Pedestrians and cars filled McDowell Street in downtown Welch, W.Va., in the 1970s, left. Since the coal boom ended, however, cities such as Welch have struggled with poverty and high rates of unemployment. (West Virginia State Archive Via Associated Press)

Diamond received welfare, or Temporary Assistance to Needy Families (TANF), until the 60-month limit ran out. Nearly two years later, she began receiving disability checks, or Supplemental Security Income (SSI). She gets $479 a month and $160 in food stamps. Still, she says, she can barely afford the electric bills for her trailer or food for her 8-year-old daughter.

She believes this is how it will always be. 'I can't work at all,' she said, 'and there ain't no jobs here no how, except in the coal mines. There's nowhere else for me to go, neither. Without my family, I would not survive.'

In the Central Appalachian coal country, where the land is famously rich and the people famously not, welfare caseloads are down, but poverty still flourishes. Since the 1996 welfare reform law, or Personal Responsibility and Work Opportunity Reconciliation Act, took effect, the rolls in West Virginia have dropped from 38,404 to fewer than 10,000. In general, the law -- which sets a five-year limit for receiving welfare and requires recipients to get an education, take job training or perform community service -- is considered a success. But in West Virginia, many former recipients are worse off than before, according to research by West Virginia University.

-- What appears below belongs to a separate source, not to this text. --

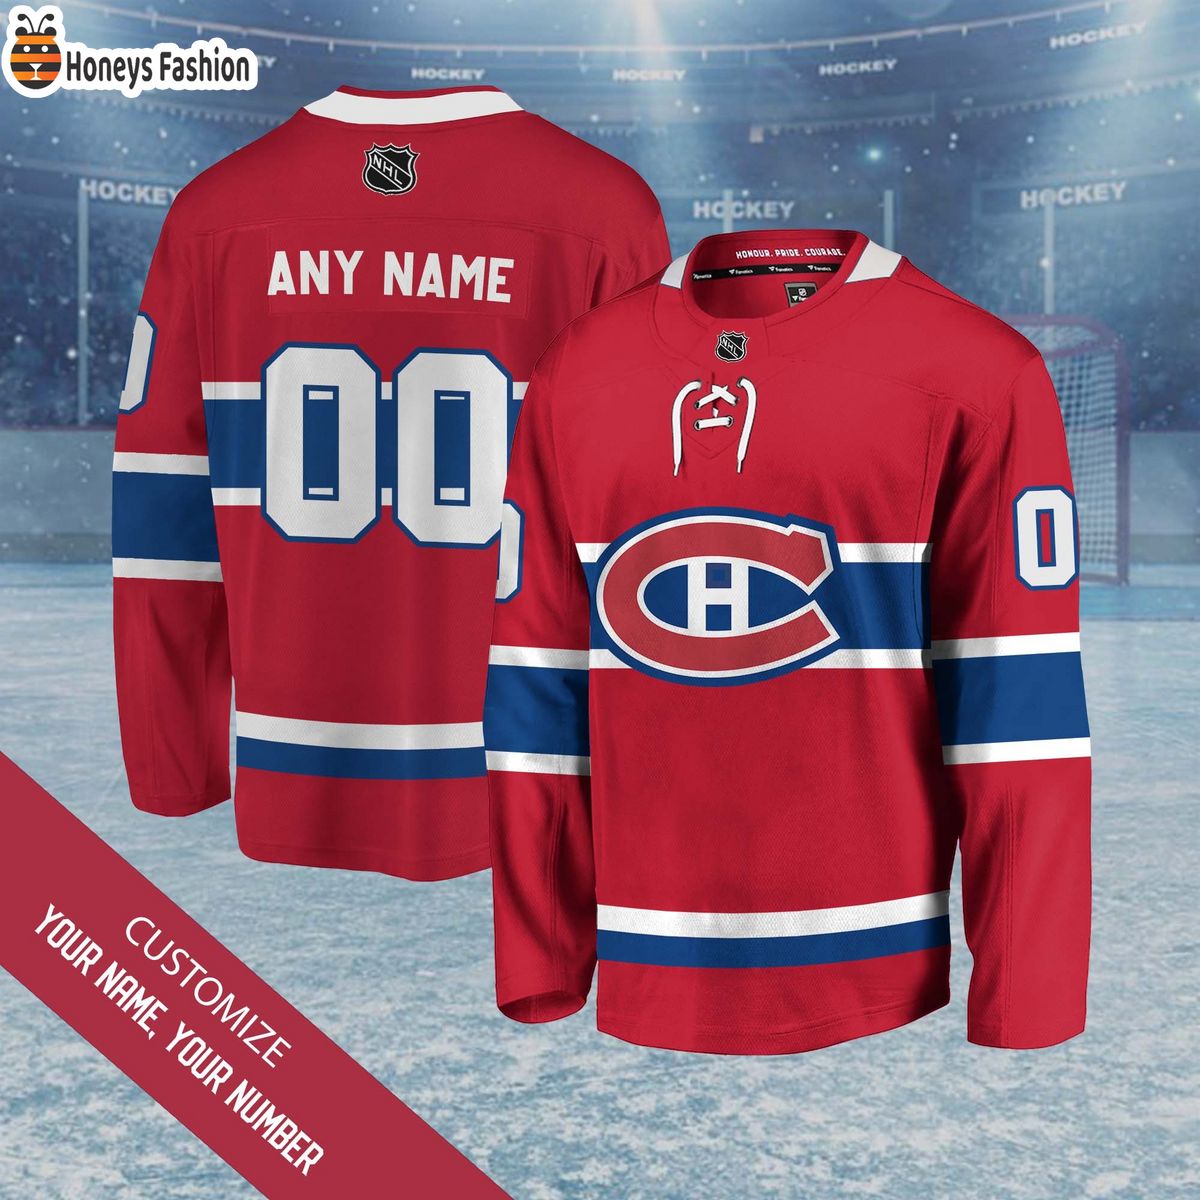 Montreal Canadiens Personalized Hockey Jersey

Even as the Senate is considering reauthorizing the welfare reform act with stricter work requirements and more child care funding, a prime goal of the act -- moving welfare recipients into jobs -- remains elusive in rural West Virginia, according to the research, done in conjunction with the state Department of Health and Human Resources. A year after their checks stopped, 73.1 percent of former recipients were unemployed, 65.6 percent reported not being able to afford their basic utilities, and only a small proportion believed that their prospects for the future were good (11.3 percent) or excellent (3.1 percent), the researchers found."